Jack West, MD: So, it’s interesting that this—I agree with you—is practice changing. But it’s actually a regimen that was already FDA approved based on the KEYNOTE-021g phase II trial: 123 patients, good results, but not universally adopted because of the size of it and the lack of a clear overall survival benefit. And so, you would say that even though we had this available for us as a carboplatin/pemetrexed/pembrolizumab combination, this phase III presentation really changed the landscape.

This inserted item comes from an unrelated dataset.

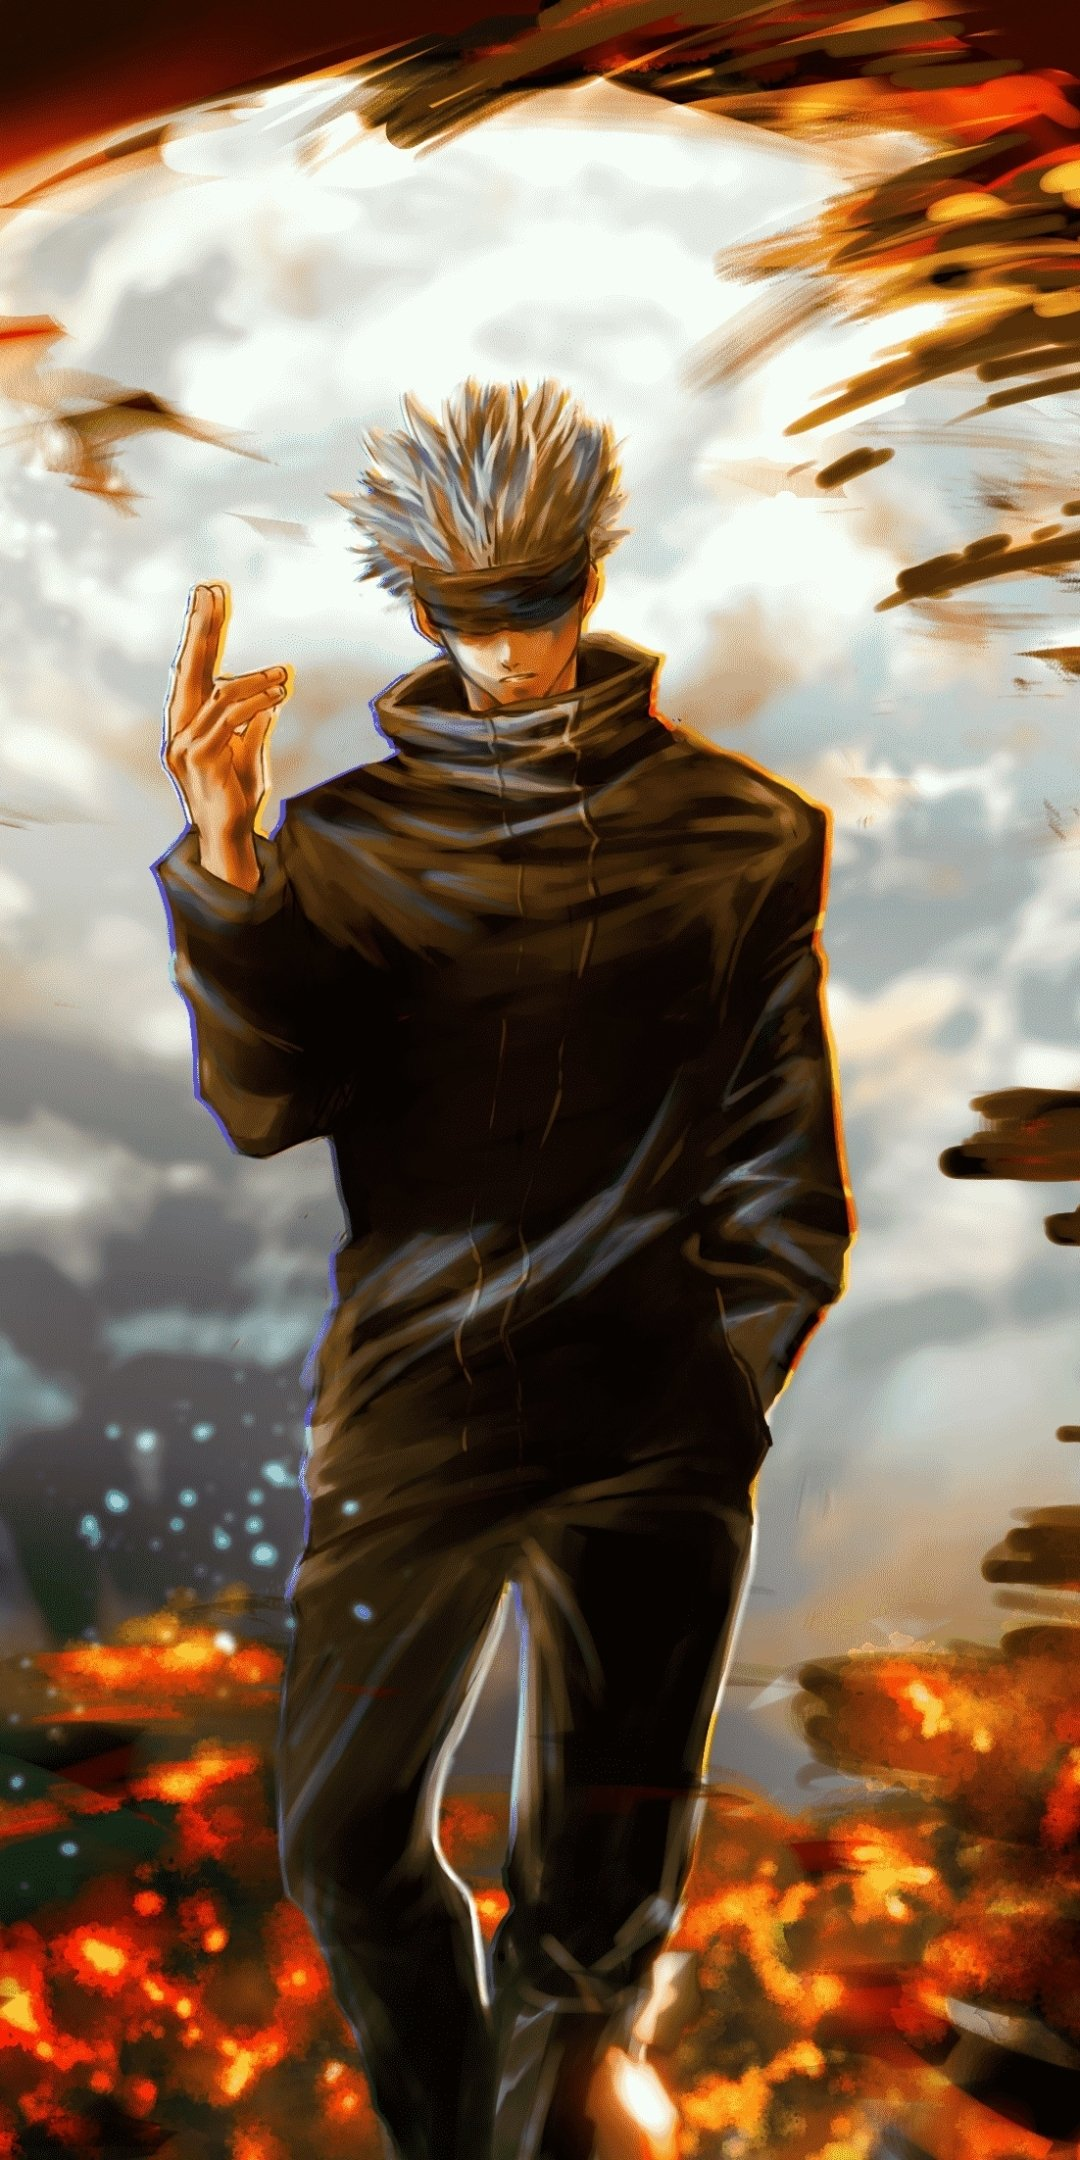 Download Wallpaper Anime / Jujutsu Kaisen (1080x2160) Mobile Wallpaper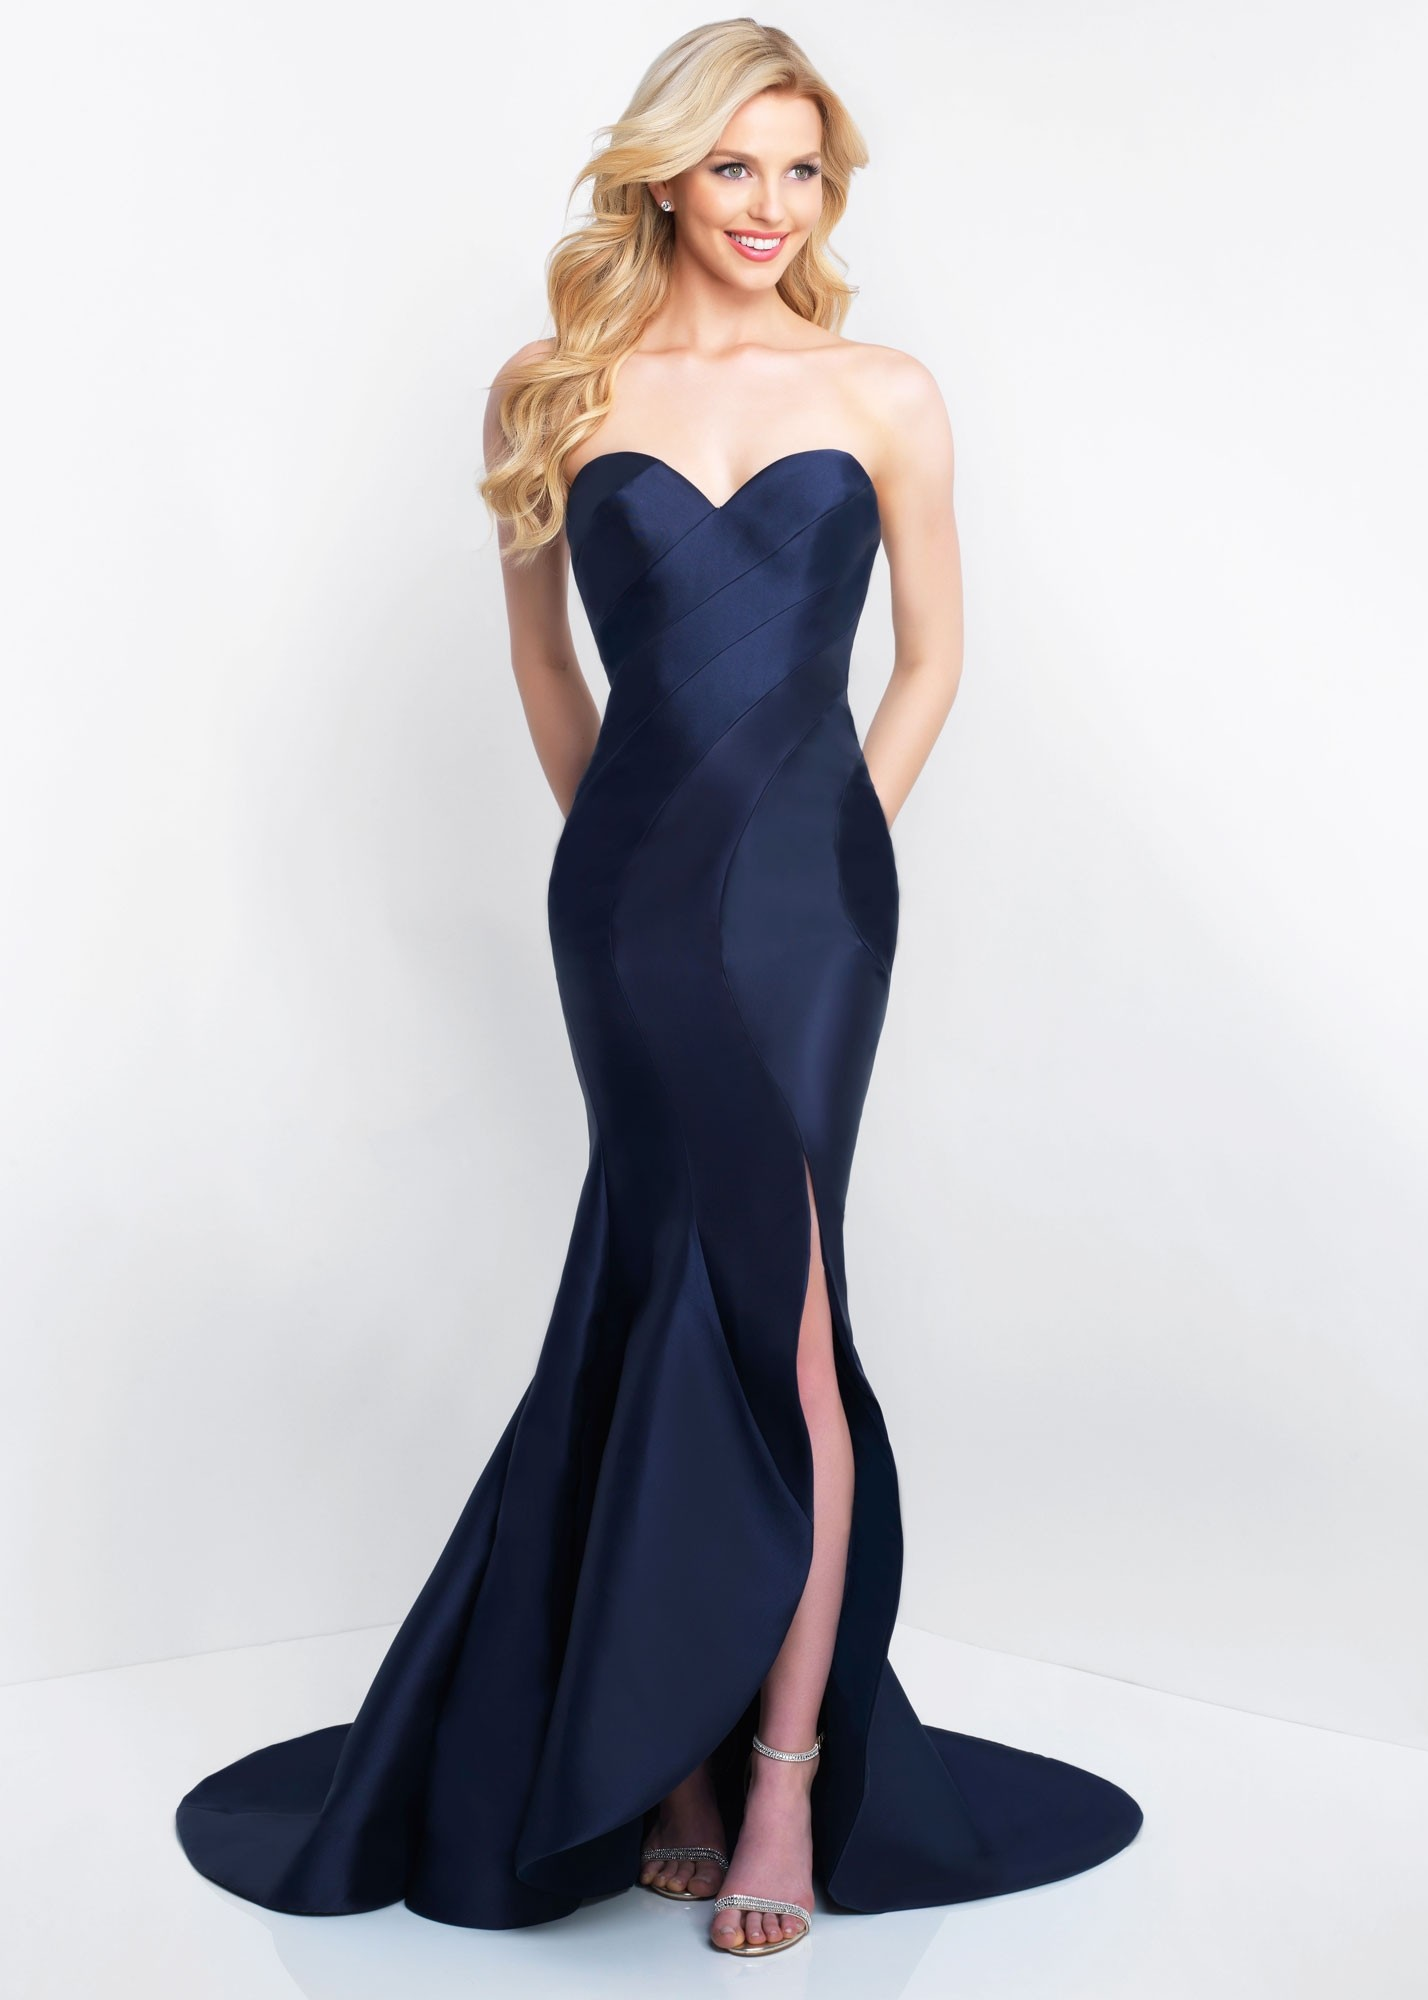 7971bd709f5 Blush Prom C1063 Strapless Asymmetrical Evening Gown | RissyRoos.com

Gregory J. Riely, MD, PhD: Yes. I think the original data that the FDA approval was based on were really provocative, showed a progression-free survival benefit. Now, I’m still adamant that a progression-free survival endpoint is a good one in the first-line setting. But when the question is whether sequential therapy would do as well, it’s really important to look at that overall survival endpoint. And the fact that KEYNOTE-189 showed a survival endpoint was really a big plus. And I think the other power in this study was that it was so much bigger. And so, we’re able to look at PD-L1 status and see more clear signals. In the original study, some of those PD-L1 numbers looked a little funny in that it seemed like some people with sort of midlevel PD-L1 didn’t do as well as people who had no PD-L1. It was all very confusing. But when we see the KEYNOTE-189 data, we see very clear progression-free survival, overall survival signals that really are across PD-L1 status and are very robust. I think it’s impressive stuff.